A news release yesterday from Sen. Ag. Comm. Chairwoman Debbie Stabenow indicated that, “The U.S. Senate today passed an amendment offered by Senator Debbie Stabenow to repeal a burdensome recordkeeping requirement for small businesses in a bipartisan vote of 81-17. Called the ‘1099 requirement,’ this IRS regulation would require small business owners to file an IRS form 1099 for each vendor from whom they make purchases of $600 or more. Many small business owners and national associations have advocated for the repeal of this provision.”

With respect to the vote, Nebraska GOP Senator Mike Johanns stated that, ‘I’m thrilled that after multiple attempts to repeal this burdensome mandate, the Senate has finally done the right thing in voting to repeal it,’ Johanns said.”

Trade

Shailagh Murray reported in today’s Washington Post that, “Senate Finance Committee Chairman Max Baucus (D-Mont.) has a beef with the South Korean trade deal, and it could hurt President Obama’s prospects for winning quick approval of the pact.

“The U.S.-Korea Free Trade Agreement is a key item on Obama’s job-creation agenda, as his chief of staff reiterated Wednesday. ‘We want Korea,’ William M. Daley told reporters at a breakfast organized by Bloomberg News.

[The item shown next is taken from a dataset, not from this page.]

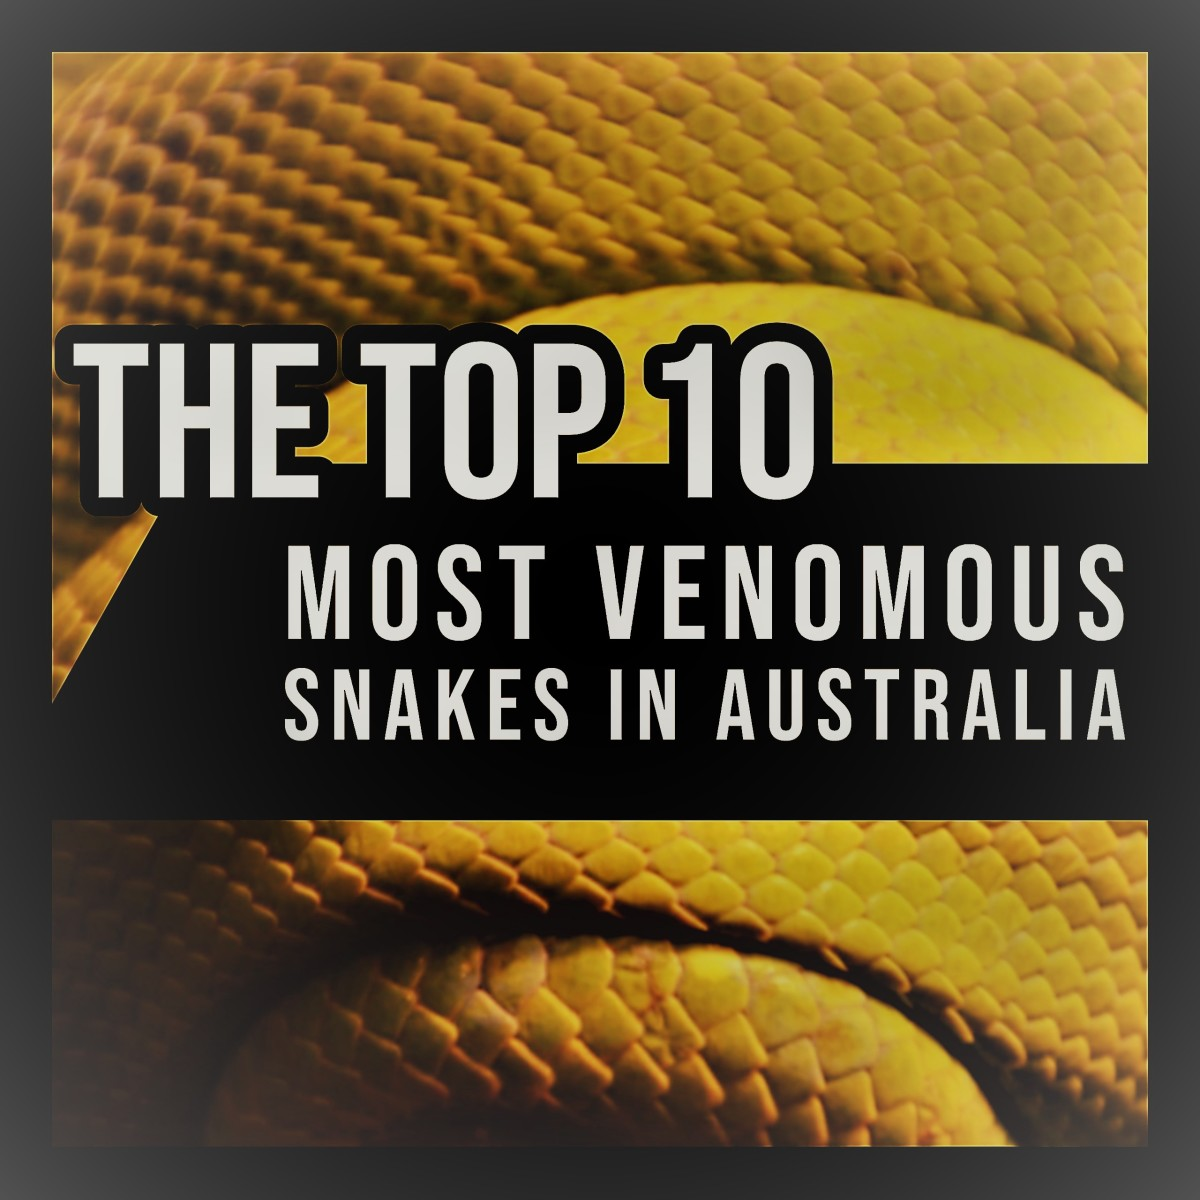 The Top 10 Most Venomous Snakes in Australia

But Baucus, whose committee oversees trade issues, is siding with cattle ranchers from his home state who were shut out of the deal. He has pledged opposition until South Korea reconsiders restrictions on the many U.S. beef exports it has barred. Baucus’s stand is a major obstacle to the White House and Republicans who are eager to bring the long-delayed pact to the Senate floor.”

(FarmPolicy Note: Recall that back on August 4, at a Sen. Ag. Comm. hearing on trade and exports, Sen. Baucus highlighted particular aspects of the free trade agreement with South Korea and expressed concerns about these provisions relating to beef. He sought assurances from U.S. Trade Representative Ron Kirk that key provisions on trade relating to beef be included in a final draft and noted that if they were omitted from a final negotiated FTA, he would have to evaluate whether or not to bring the agreement up for a Finance Committee hearing. To listen to this firm exchange from the August hearing on the South Korea FTA and beef, just click here (MP3- 4:02)).

Today’s Post article added that, “‘I don’t support Korea until Korea opens up its market,’ Baucus said in an interview Wednesday. By failing to resolve the beef dispute, he said, ‘they didn’t help at all, the administration or the Koreans.’

Baucus has not said whether he will merely vote against the agreement or will use the full force of his authority as finance chairman to block it indefinitely. The senator said he is working behind the scenes with U.S. trade officials to tweak the agreement to ensure Montana ranchers get a better deal.

“‘When I see that, I’ll support Korea,’ Baucus said.”

Also on the trade front, the Food and Agricultural Policy Research Institute (FAPRI) recently released a report titled, “WTO Domestic Support Measures: How Accounting Rules and Market Circumstances Matter.”

A brief summary of the report posted at FAPRI Online stated that, “WTO negotiations could lead to new commitments to limit domestic agricultural support. The report shows how the implications of a new agreement for U.S. farm programs could be sensitive to accounting rules and market circumstances.”